Typical situation: someone sits with their back to the window, and as a result, they're too dark in the photo. These are my tips for backlit situations, a bright sun or beautiful night photography.

1. Face in the shade? Turn toward the light!

As you can see, she sits facing away from the window. Hardly ideal that her face is in the shadow - we can't see her beautiful face!
The solution is simple: ask them to turn around and face the light. Now the sun will strike them in a quite glorious fashion!

2. Backlight problems? Make the photo lighter

In the instance that you have to deal with the backlight from a window, there is a simple solution. Take the image in the photo below, the subject is in the shade and her face is barely visible. Simply change the lighting manually on your camera! You will more than likely have the + - symbols on your camera, just increase/decrease your lighting to suit your photo. Easy!.
The lighting from the window results in her looking very dark in this photo.
By simply adjusting the lighting manually on your camera (as outlined above), you can see how much more clear and sharp she is in this image.

3. A beautiful picture ruined by bright sunlight

Bright sun directly in the eyes is going to make even the most seasoned model squint!
By simply taking a step back and using the natural shade provided from the tree, we can now see our subjects eyes (which always helps)!
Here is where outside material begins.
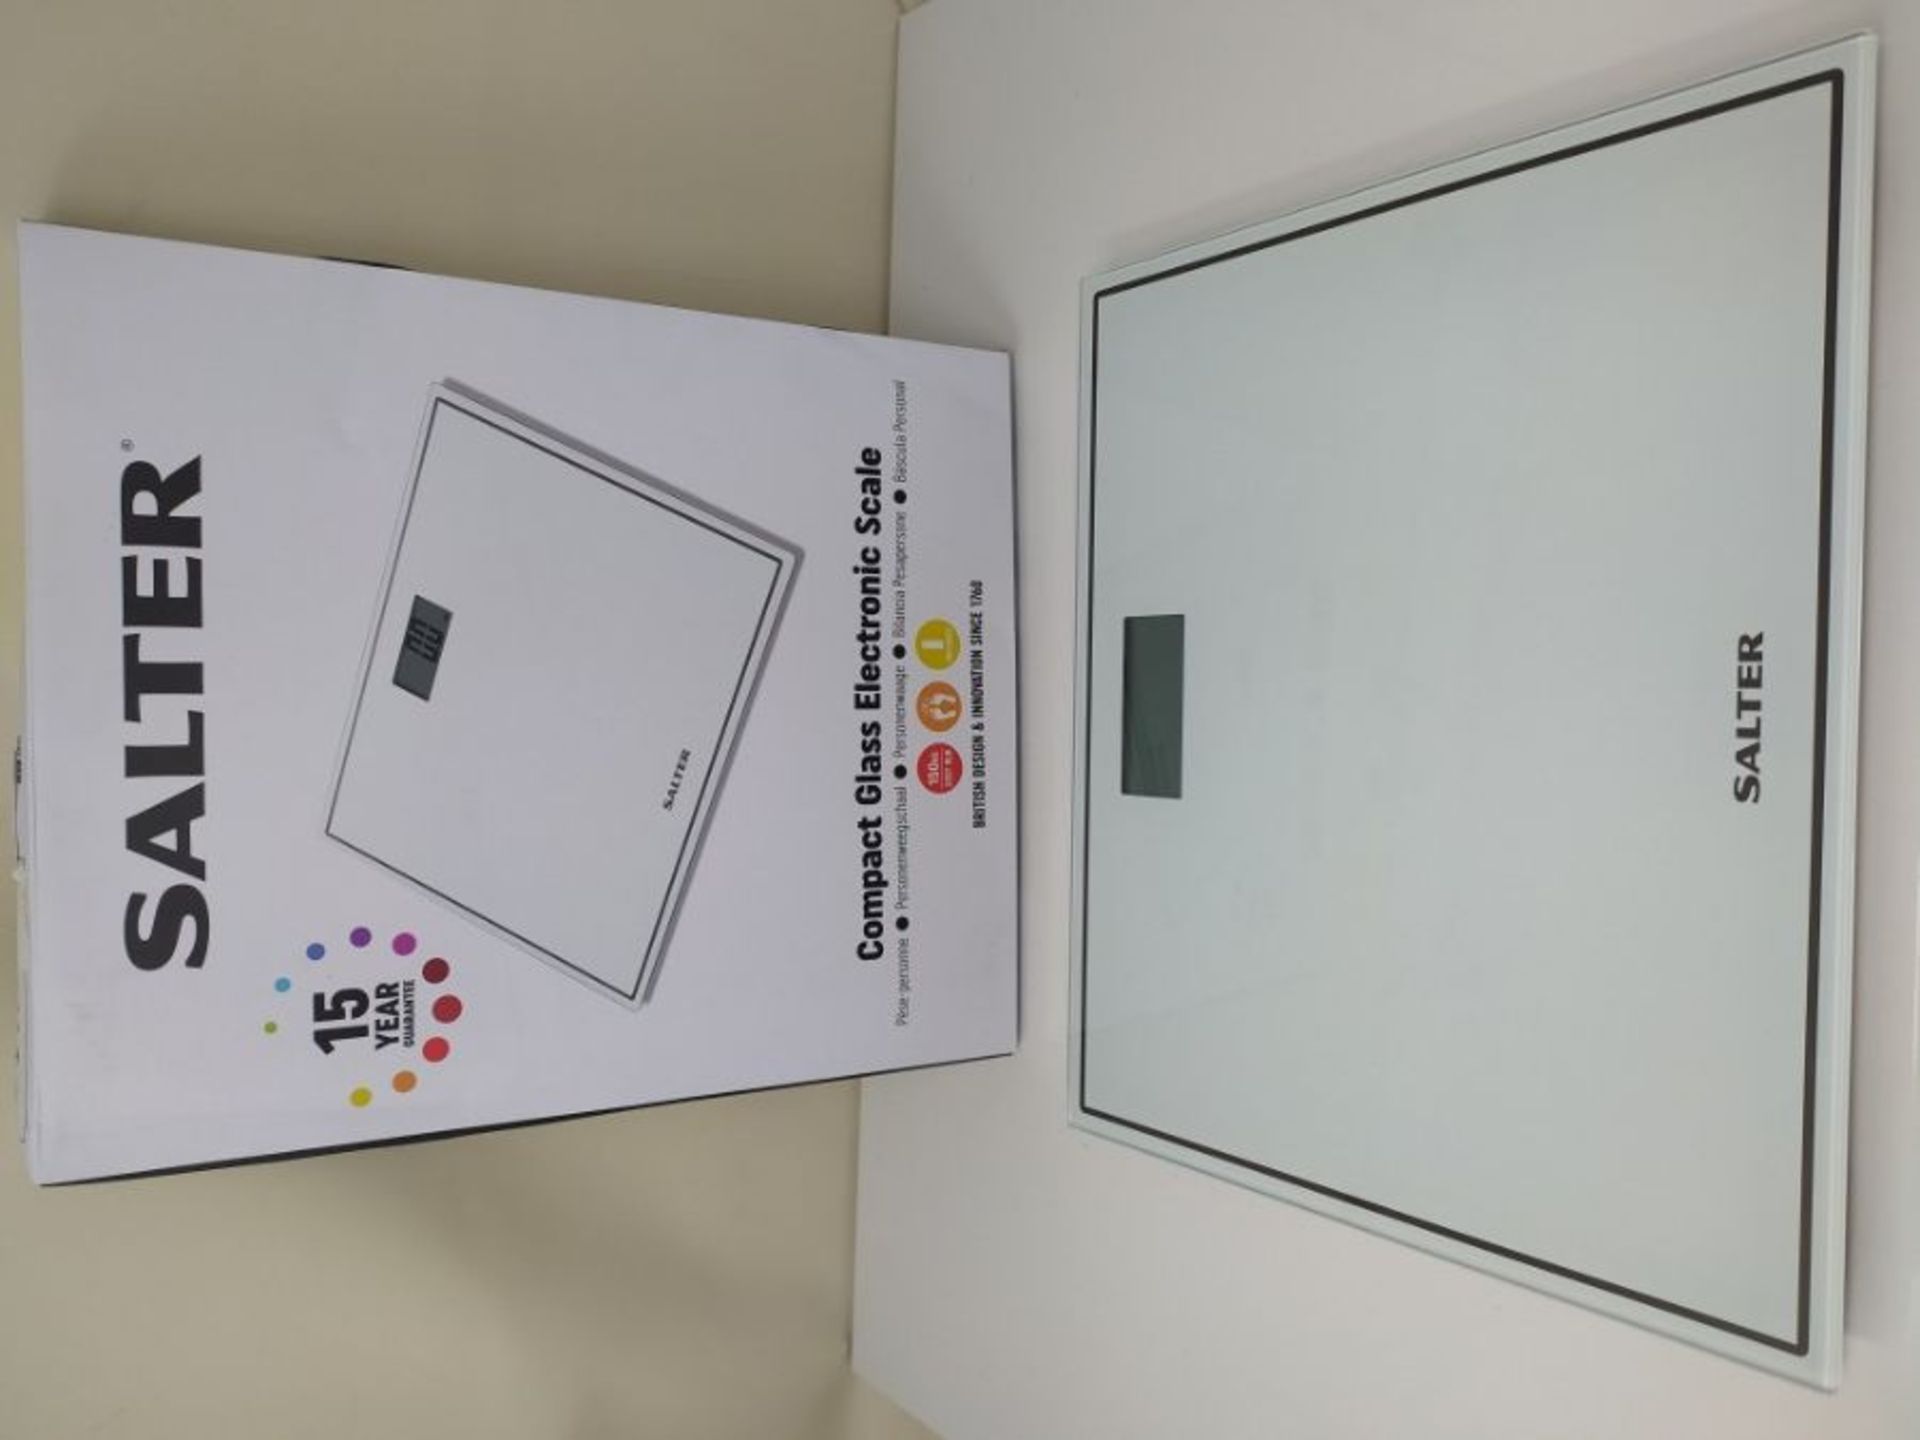 Salter Compact Digital Bathroom Scales - Toughened Glass, Measure Body Weight Metric / - Image 2 of 2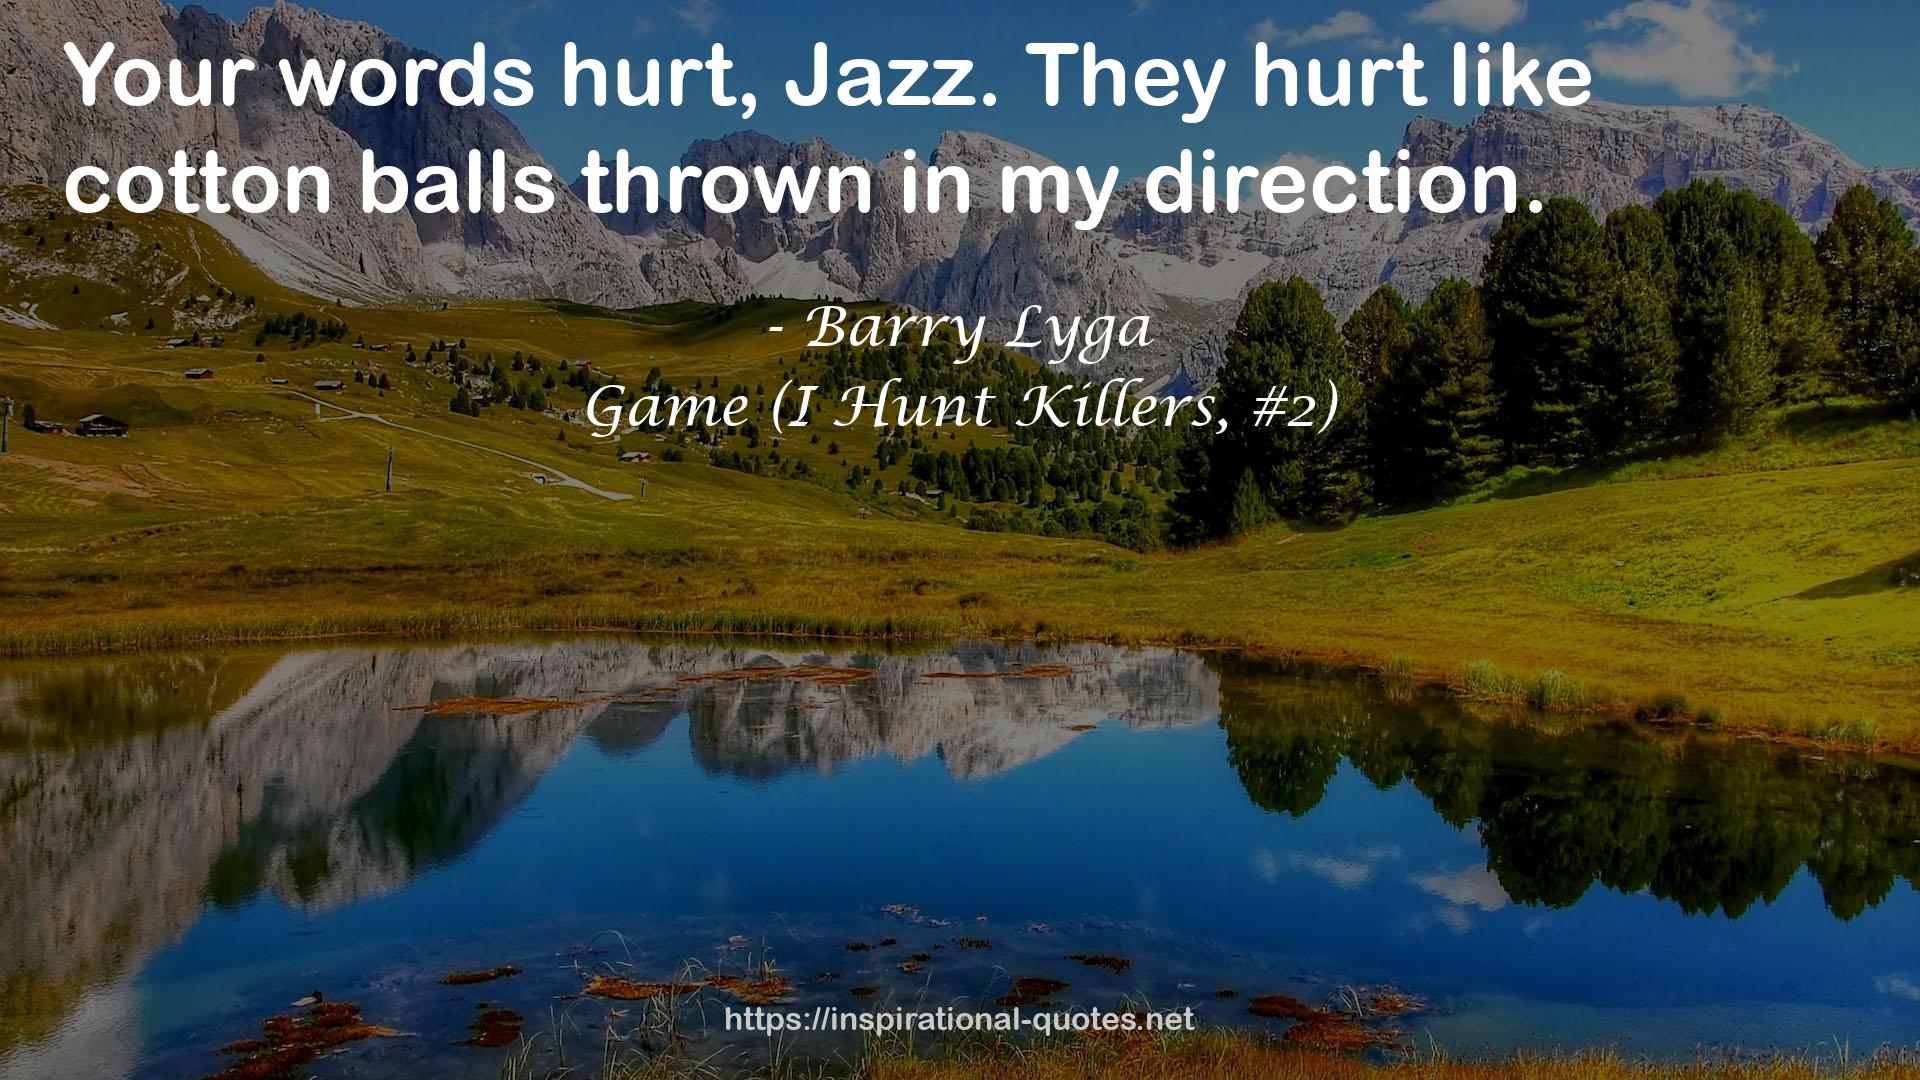 Game (I Hunt Killers, #2) QUOTES

4. Night Photography: turn the flash off for more atmosphere

The camera flash is standard in low light (such as late evening). Try turning off the flash to create more atmosphere in your pictures. This will really capture the pure beauty of the street (if you’re in to that kind of thing).
This is an ordinary photo on automatic mode (ie with flash). As you can see in this picture there is little atmosphere.
With the flash turned off, the camera should now illuminate long (turn S or Tv mode for example). Use a tripod or a wall to place the camera. In this photo the flash is turned off, and the iso put up (iso 3200). There is no need for a tripod here, the disadvantage being that issues may occur, resulting in the white dots in this picture.